Data provided:
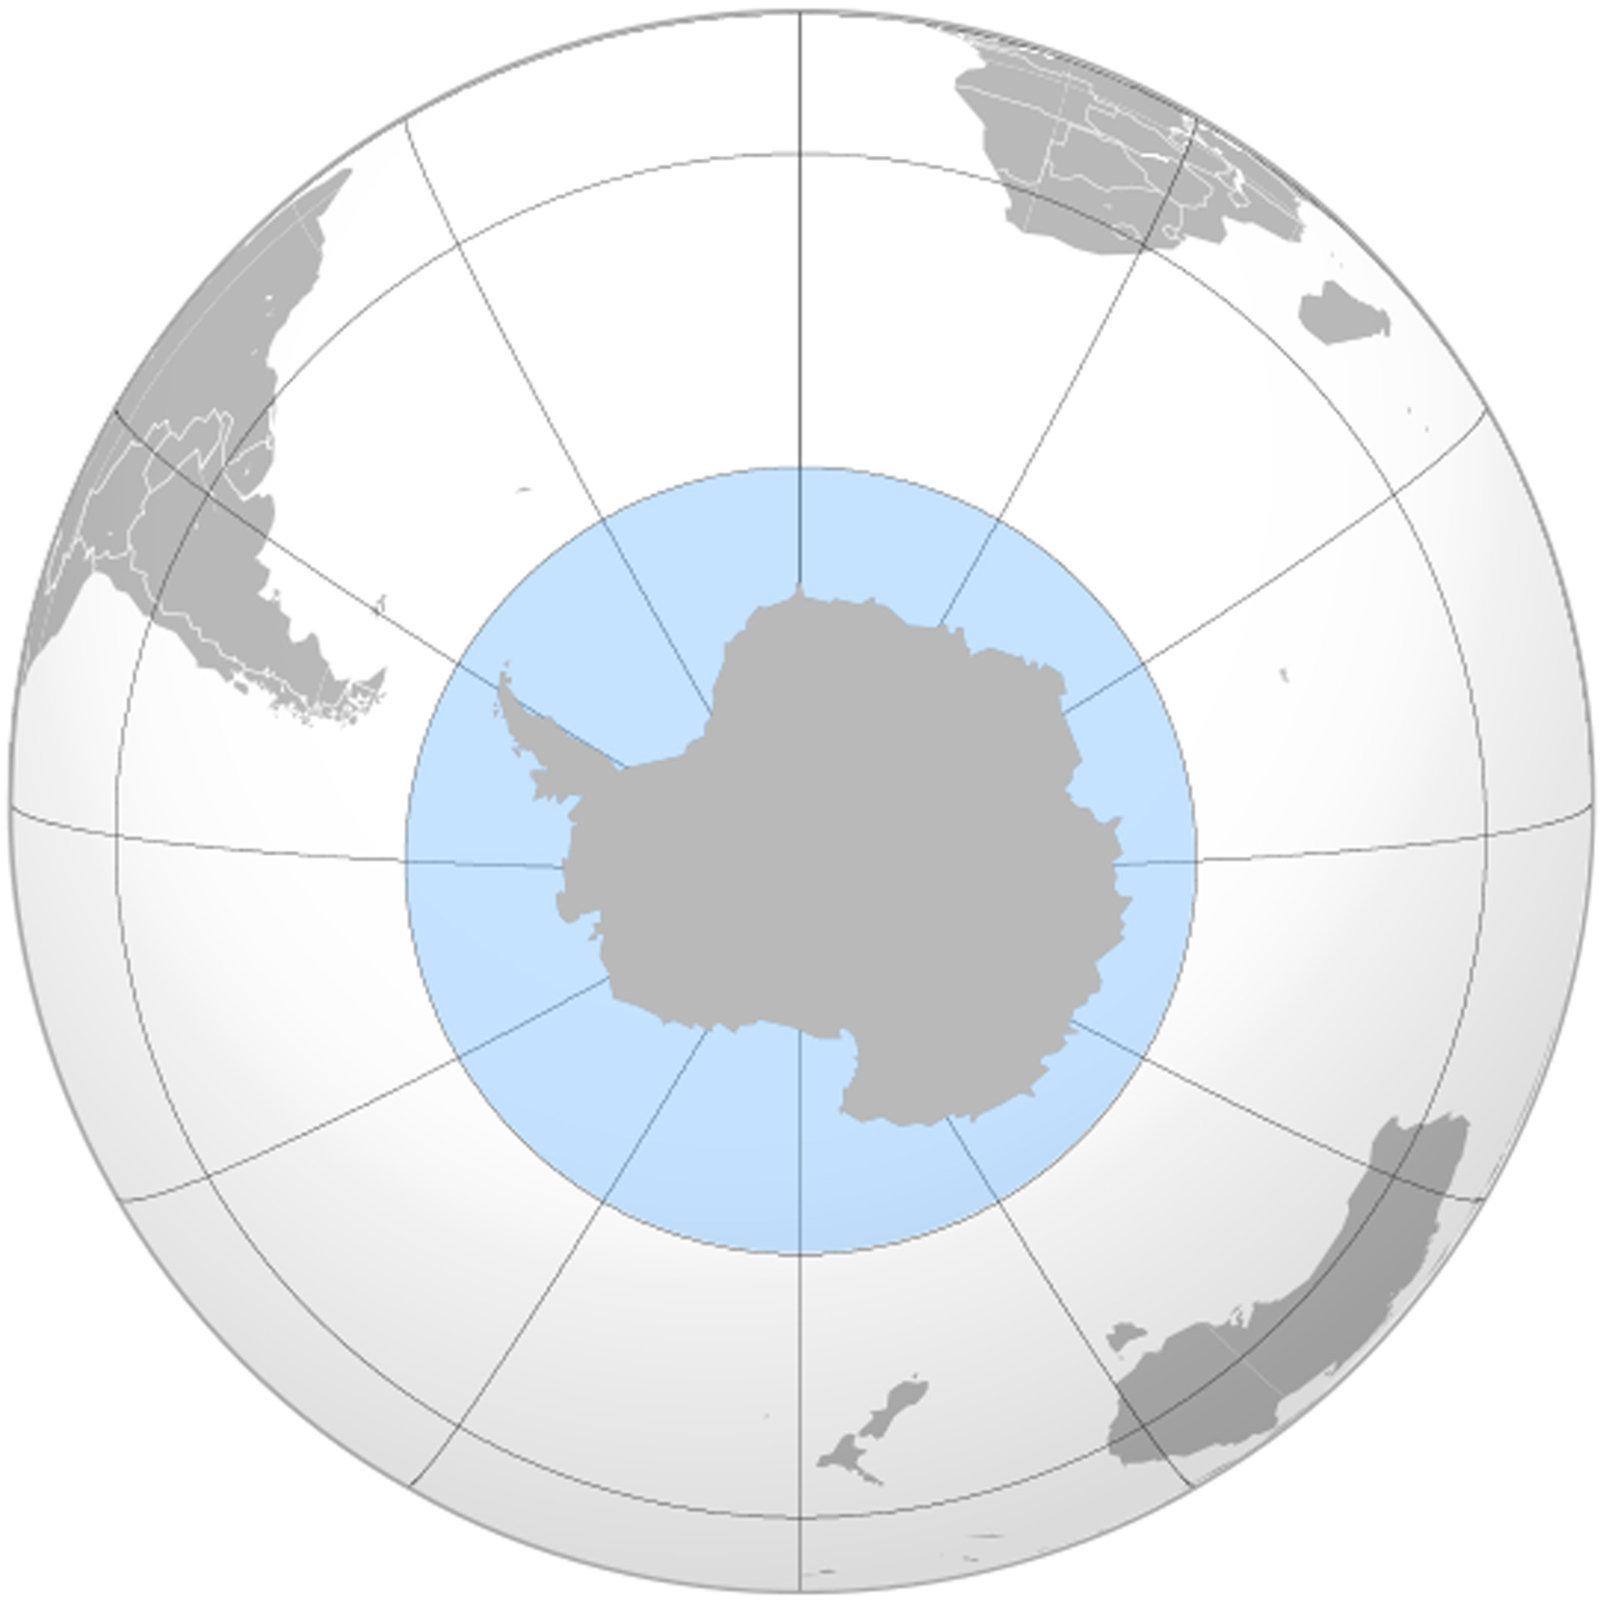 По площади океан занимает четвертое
...
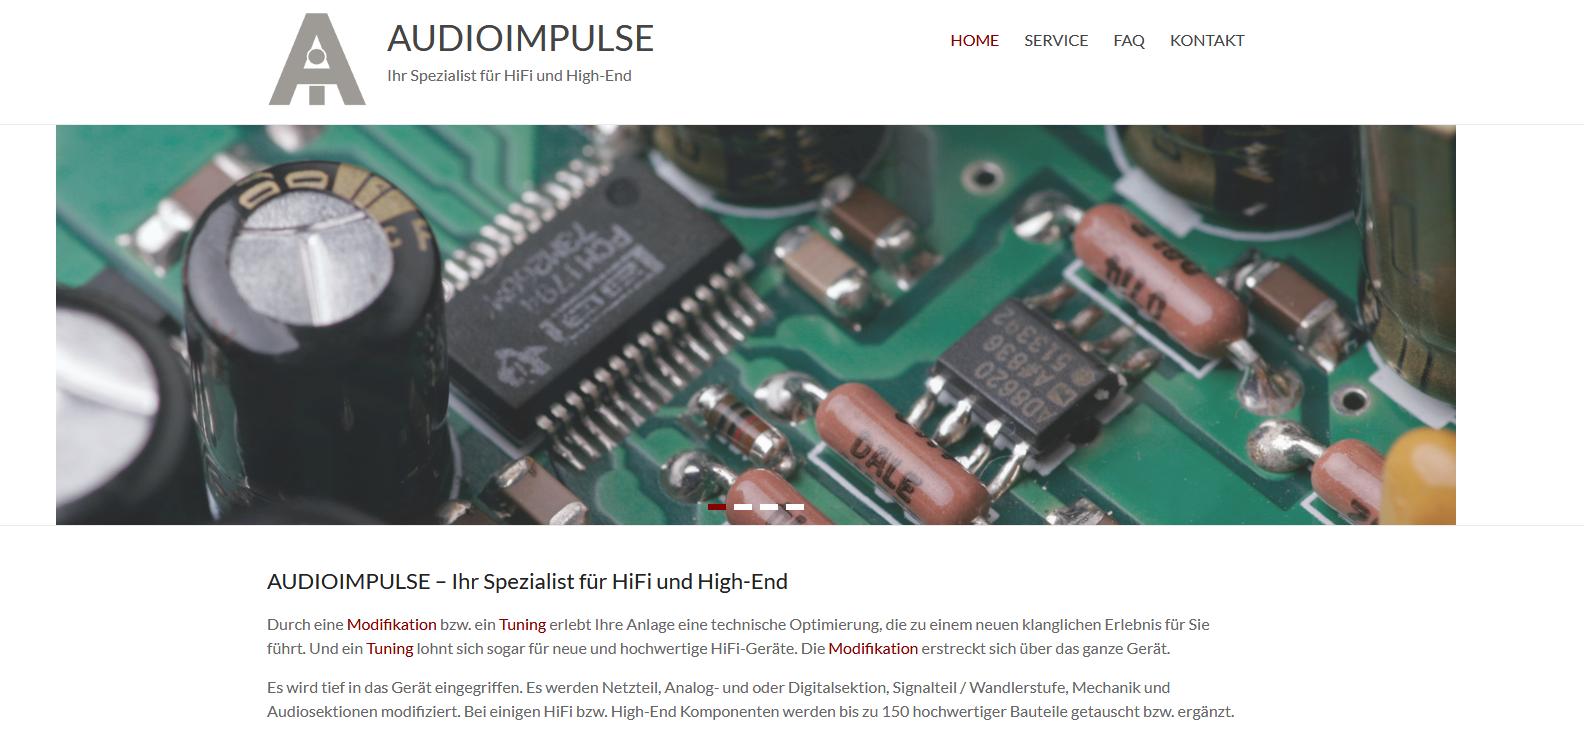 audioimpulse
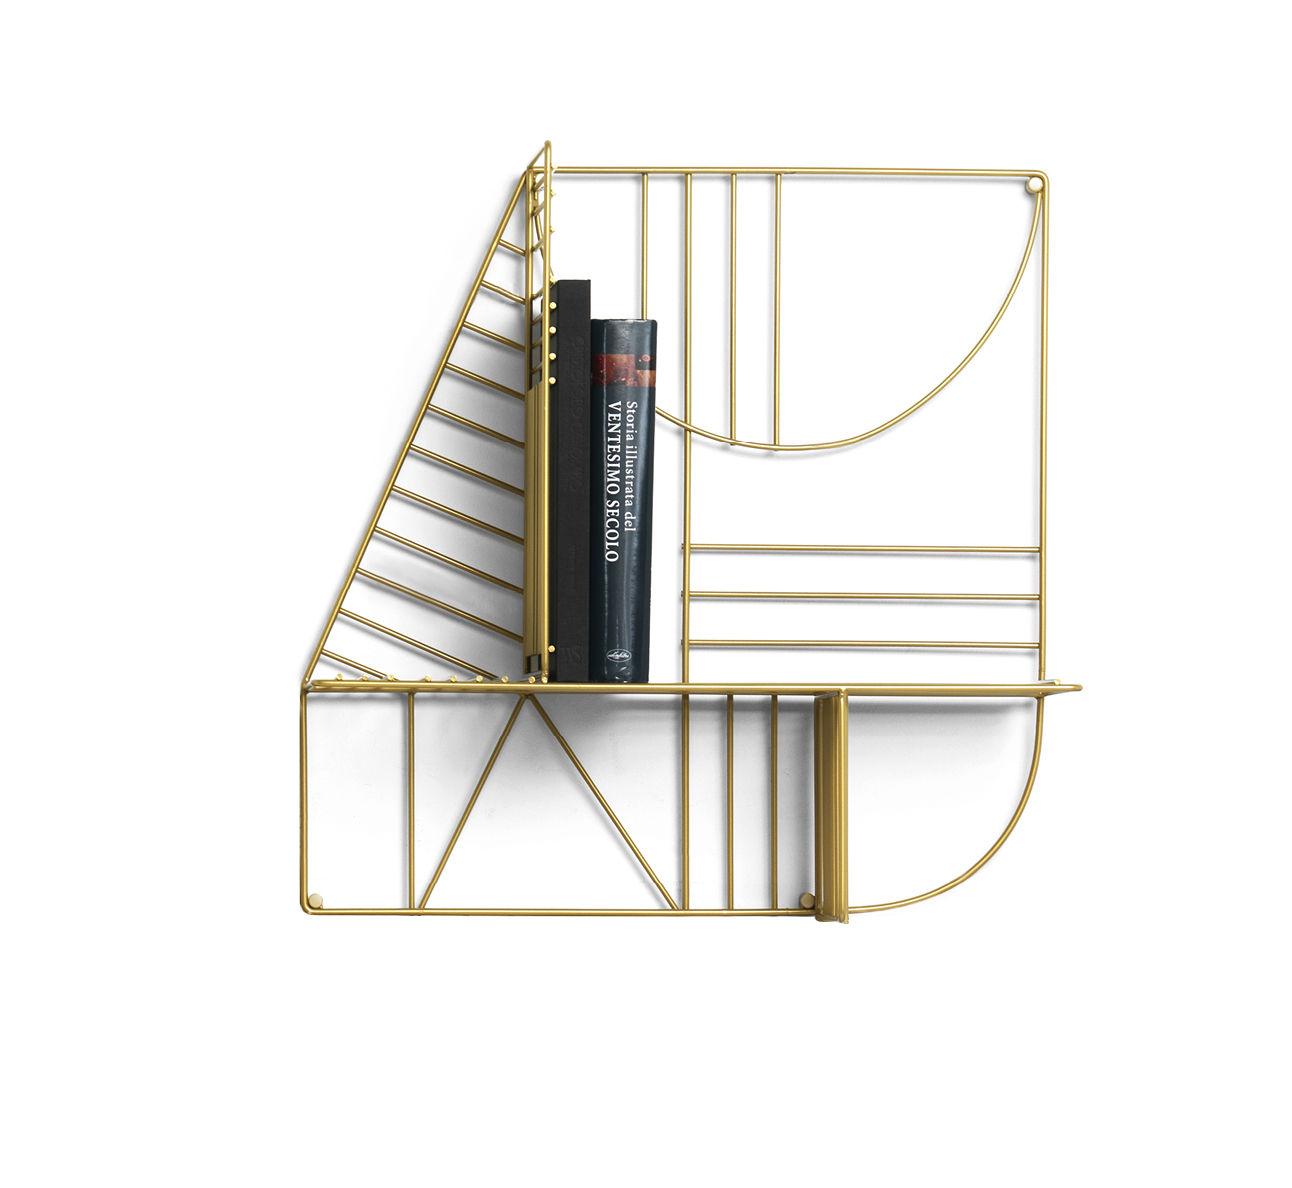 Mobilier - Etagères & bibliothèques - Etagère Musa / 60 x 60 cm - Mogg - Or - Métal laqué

Exercise prompt:
Because only one stretch of the records is wanted, please output the lines from the one holding "audioimpulse" through the one holding "Mobilier - Etagères" exactly, both included, and leave every picture out.

Exercise output:
 audioimpulse
 Mobilier - Etagères & bibliothèques - Etagère Musa / 60 x 60 cm - Mogg - Or - Métal laqué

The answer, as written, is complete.